O raciocínio dos agrocéfalos tem um estranho funcionamento e desenvolve incrível capacidade de elaboração de leis, portarias e propostas de emendas constitucionais que resultam em benefício próprio. Para esta finalidade conseguem – por meios incrivelmente criativos de financiamento de campanhas – eleger-se para cargos legislativos em todas as esferas, da Câmara de Vereadores ao Senado Federal. Com esta “criatividade” conseguiram abocanhar mais de 214 das 513 cadeiras disponíveis no Brasil para os deputados federais e ???? no Senado. Em outros tempos poderíamos pensar ser um golpe de Estado, mas para os agrocéfalos é uma “expressão da democracia”.

Na truncada relação não estabelecida com a natureza ou com tudo que lembre a mesma – resultado da lesão – os afetados também desenvolvem um ódio incontido para com as pessoas e povos que lembram natureza: quilombolas, indígenas, comunidades tradicionais, ambientalistas, indigenistas. Por isso, querem a todo custo acabar com os direitos destes povos, sejam territoriais ou de serem eles mesmos. Negam, por exemplo, em diferentes lugares do país, que existam indígenas, sobretudo quando estão próximos a supostas “propriedades”. Quando não, dizem que são indígenas paraguaios, bolivianos. Os que existem, na catarse agrocéfala, necessitam de “políticas públicas urbanas”, não de terra, território, meio ambiente.

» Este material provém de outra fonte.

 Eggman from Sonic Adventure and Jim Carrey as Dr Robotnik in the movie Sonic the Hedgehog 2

Beneficiados por diferentes governos, dos ditatoriais aos supostamente democráticos – que cederam terras ocupadas antes por indígenas ou posseiros à sanha exploradora dos agrocéfalos de outrora – os acometidos pela agrocefalia, hoje, assemelham-se àquele desenho animado de dois ratinhos que cotidianamente agiam no intuito de realizar o megalomaníaco sonho de dominar o mundo.

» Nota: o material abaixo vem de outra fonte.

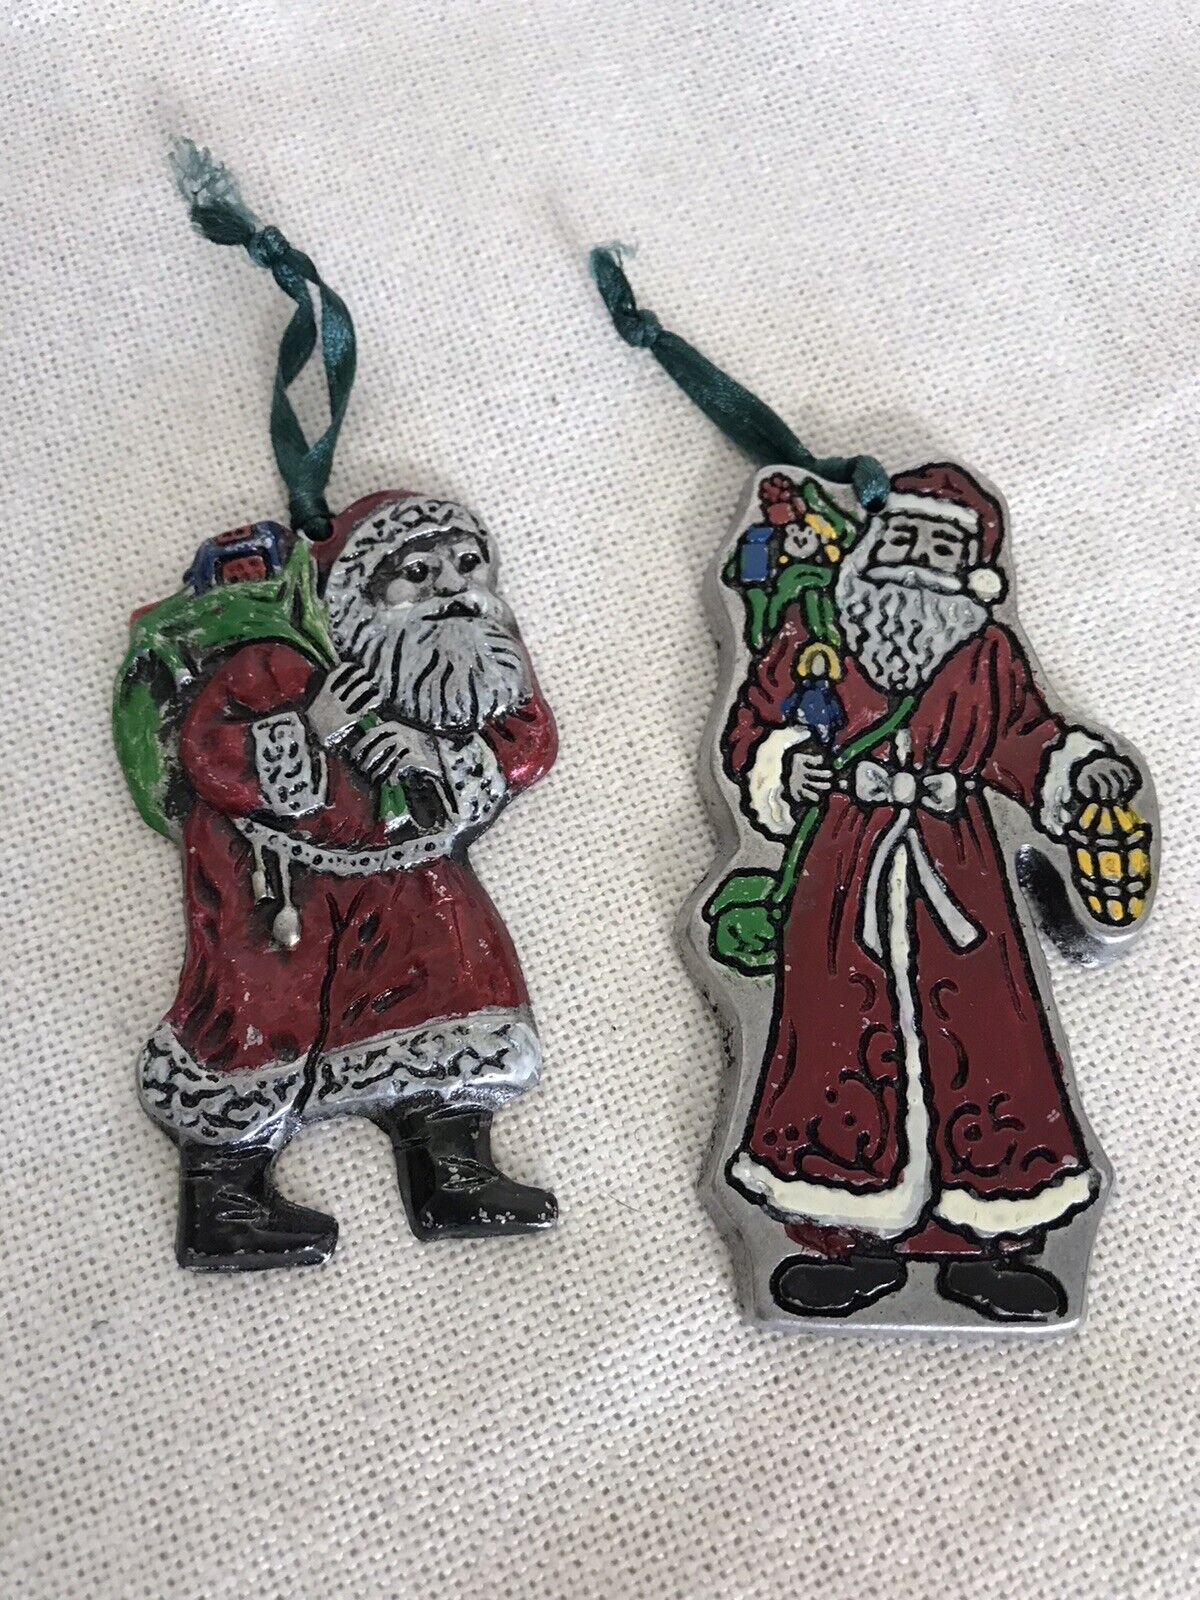 Pewter Santa Claus Christmas Ornaments Carrying Sack Toys Vtg 1990’s Painted

Os agrocéfalos que estão no Senado, na Câmara dos Deputados, nos governos estaduais, dirigindo suas confederações ou bancadas, poderiam ser representados nestes dois personagens, conhecidos no Brasil como a dupla Pink e Cérebro. Como eles, poderíamos sugerir que, em cada abertura de seção parlamentar ou de pronunciamentos, os agrocéfalos que ocupam cargos nestas casas poderiam dizer: nós vamos dominar o mundo.
Claro, não nos esqueçamos que os personagens animados, apesar de todos os esforços, sempre se atrapalhavam e, nem de longe, resvalavam em seu intento. Isso também esperamos que ocorra com aqueles acometidos pela agrocefalia hereditária.

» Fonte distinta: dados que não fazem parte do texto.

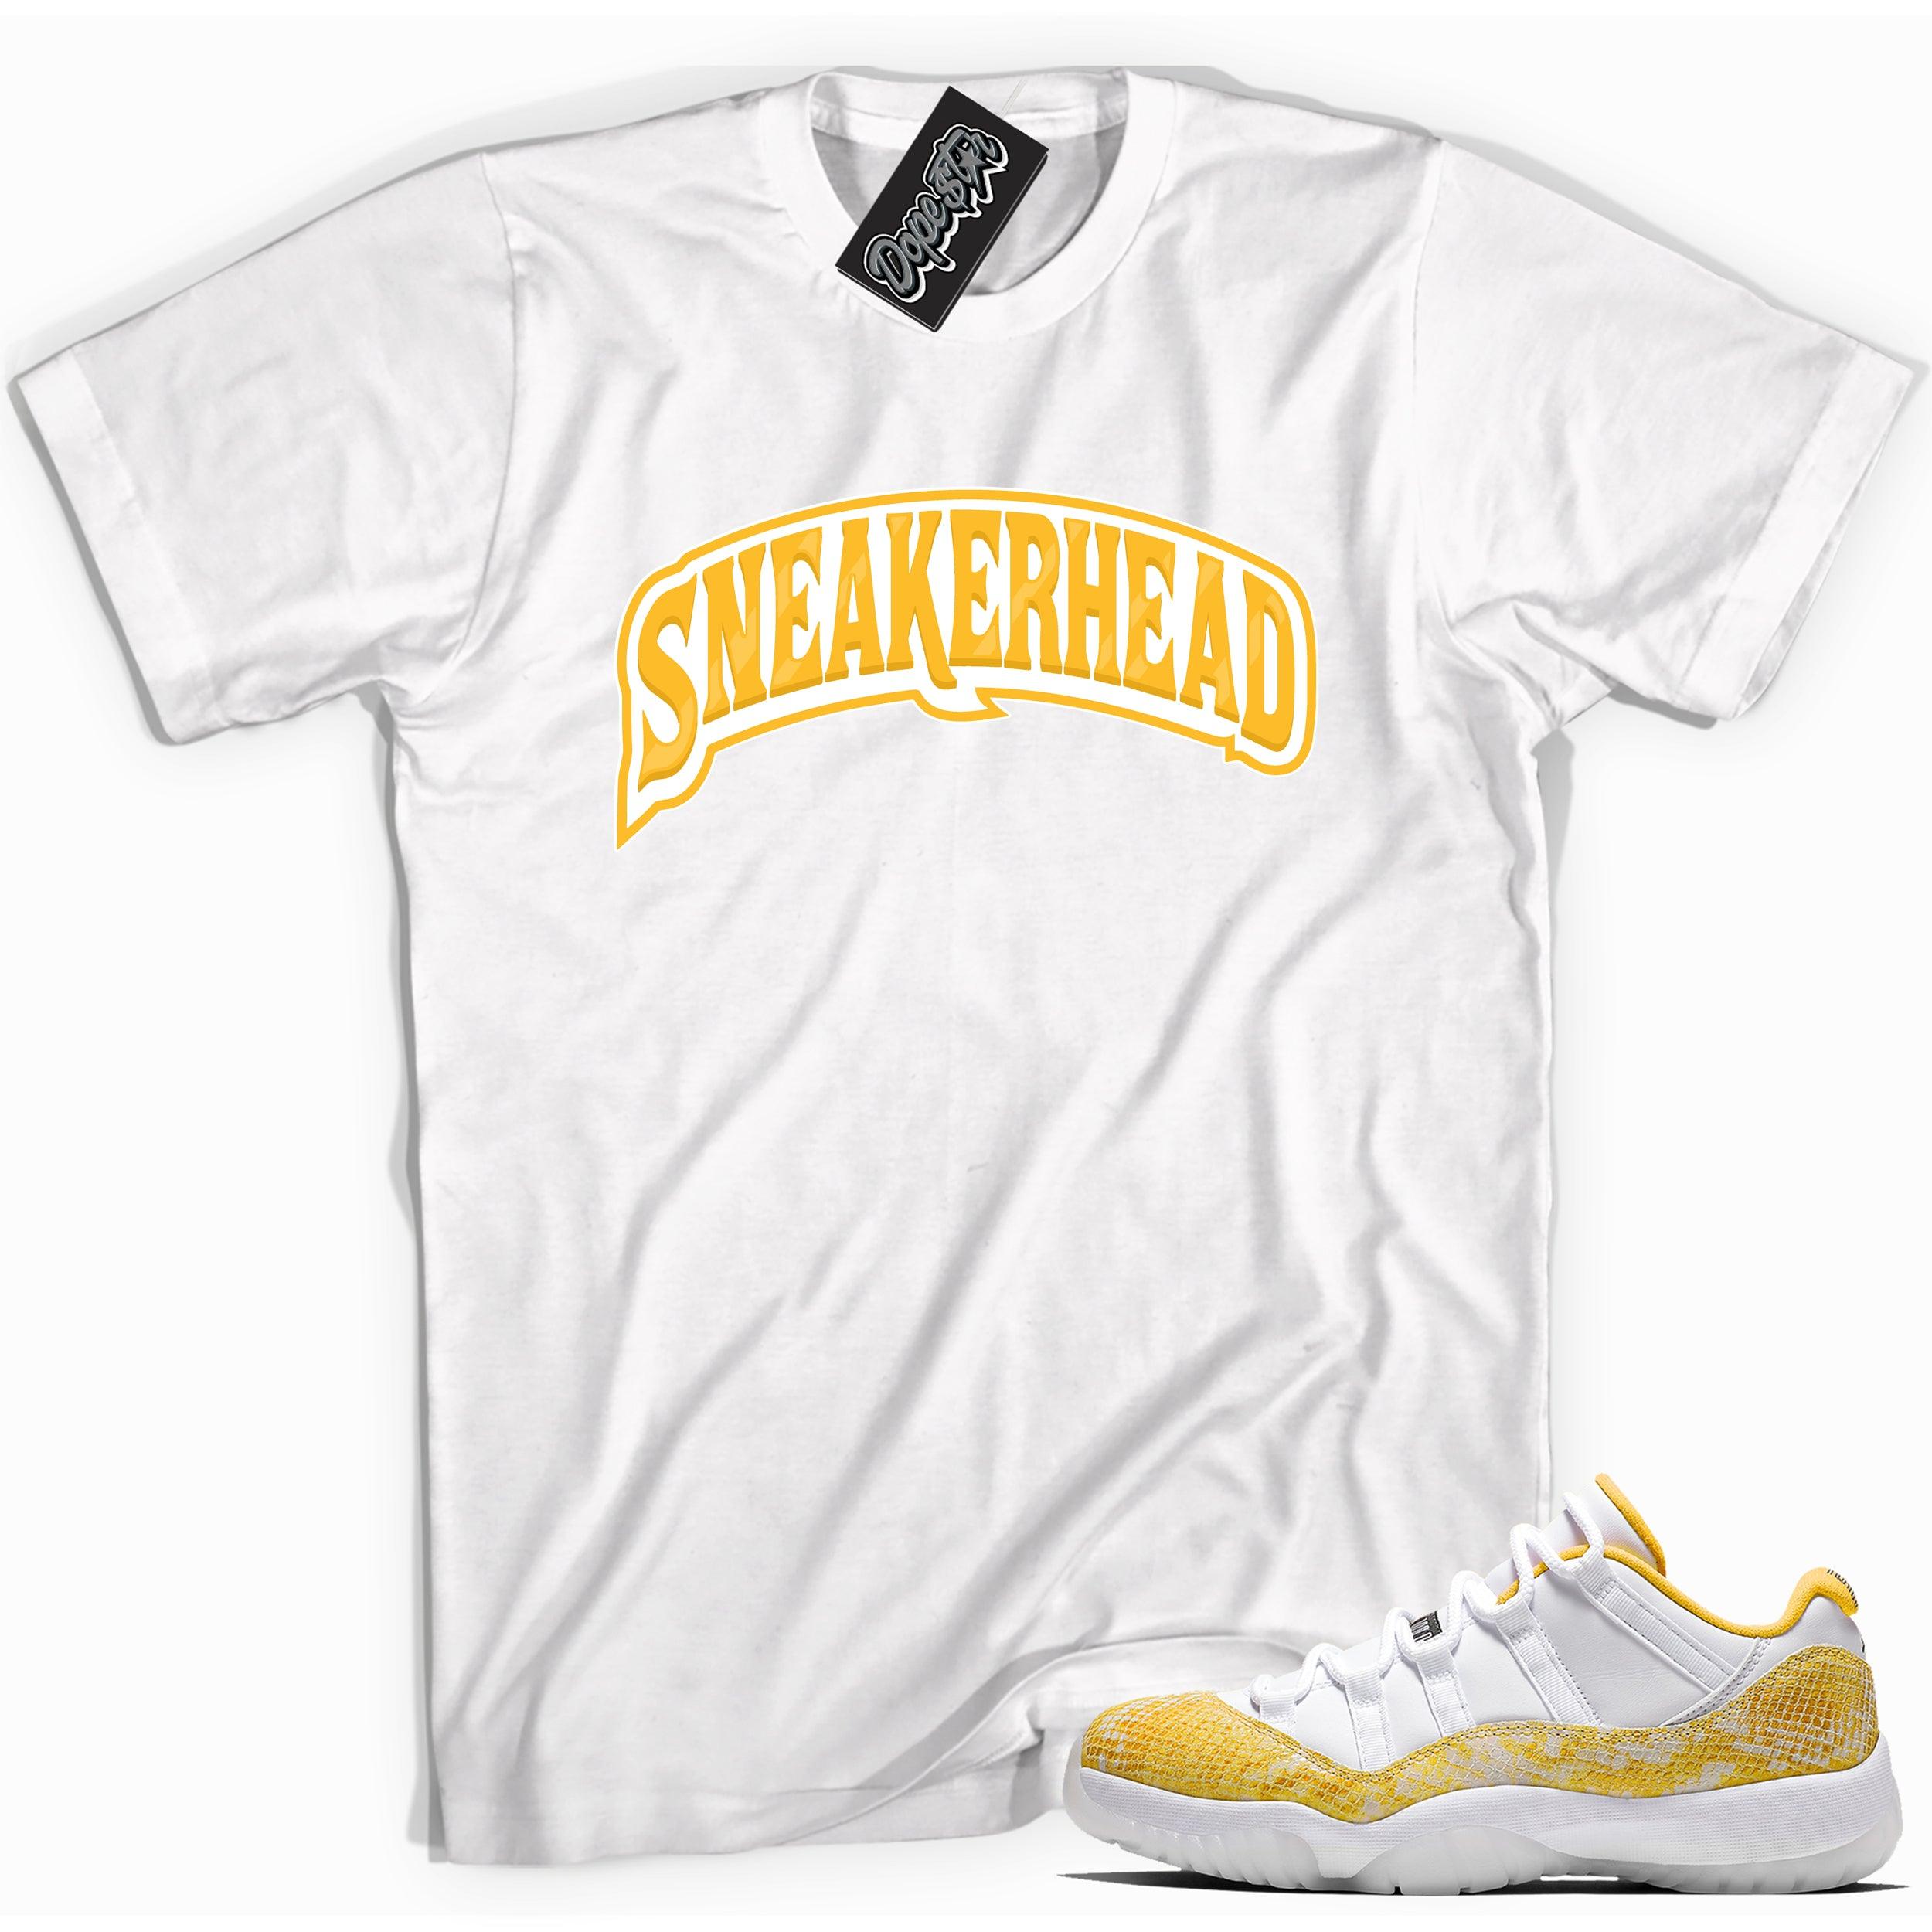 Cool white graphic tee with 'sneaker head' print, that perfectly matches Air Jordan 11 Retro Low Yellow Snakeskin sneakers

Não obstante, como nos aponta o mesmo Damásio: do ponto de vista da ciência, somos um cérebro individual, mas que se molda socialmente. Assim, na perspectiva de estabelecer a correção à hereditariedade da referida anomalia cerebral e seus efeitos, cabe aos diferentes setores sociais funções específicas nesta verdadeira junta médica: aos movimentos sociais cabe a boa e velha luta, militância. Governos só querem destes movimentos a subserviência, cooptação: deve-se insistir na consciência de que poder só se for popular.

Aos povos e comunidades tradicionais cabe sua existência e resistência a cada novo projeto saído das cabeças agrocéfalas, a continuidade incômoda dos Outros 500, longe de qualquer projetinho “verde” ou “carguinho assalariado”; ao governo federal cabe a vergonha e mudança de atitude, não mais alimentando com R$ 107,5 bilhões a sanha que mantém e é mantida pela agrocefalia e seus portadores. Também cabe ao mesmo governo parar de pensar e agir como se também fosse acometido da anomalia: atacando indígenas com a Polícia Federal e Força Nacional sob pseudo-argumentos. Deverá também banir de suas concepções ideias agrocefalinas como as já pronunciadas pelos ministros da Justiça, Casa Cvil, Minas e Energia, Advocacia-Geral da União (AGU).

Se os agrocéfalos não se moldam nem se deixam moldar, preponderantemente agindo a partir de seu umbigo-mundo, caberá aos que não são portadores da mesma anomalia construir a real democracia, sem DEMônios, sem PoPulismos, semPrivilégios Só Deles, sem Pomposas eMendas Desviadas dos Brasileiros, sem Pseudo Sócio Democracia e emBustes, semPossibilidades de eSconder históricos Crimes.

 Certamente esta real democracia não será resultado de uma união democrática agrocefalista e muito menos uma construídaem uma República dos Ruralistas. Cruz, credo, Deus nos livre.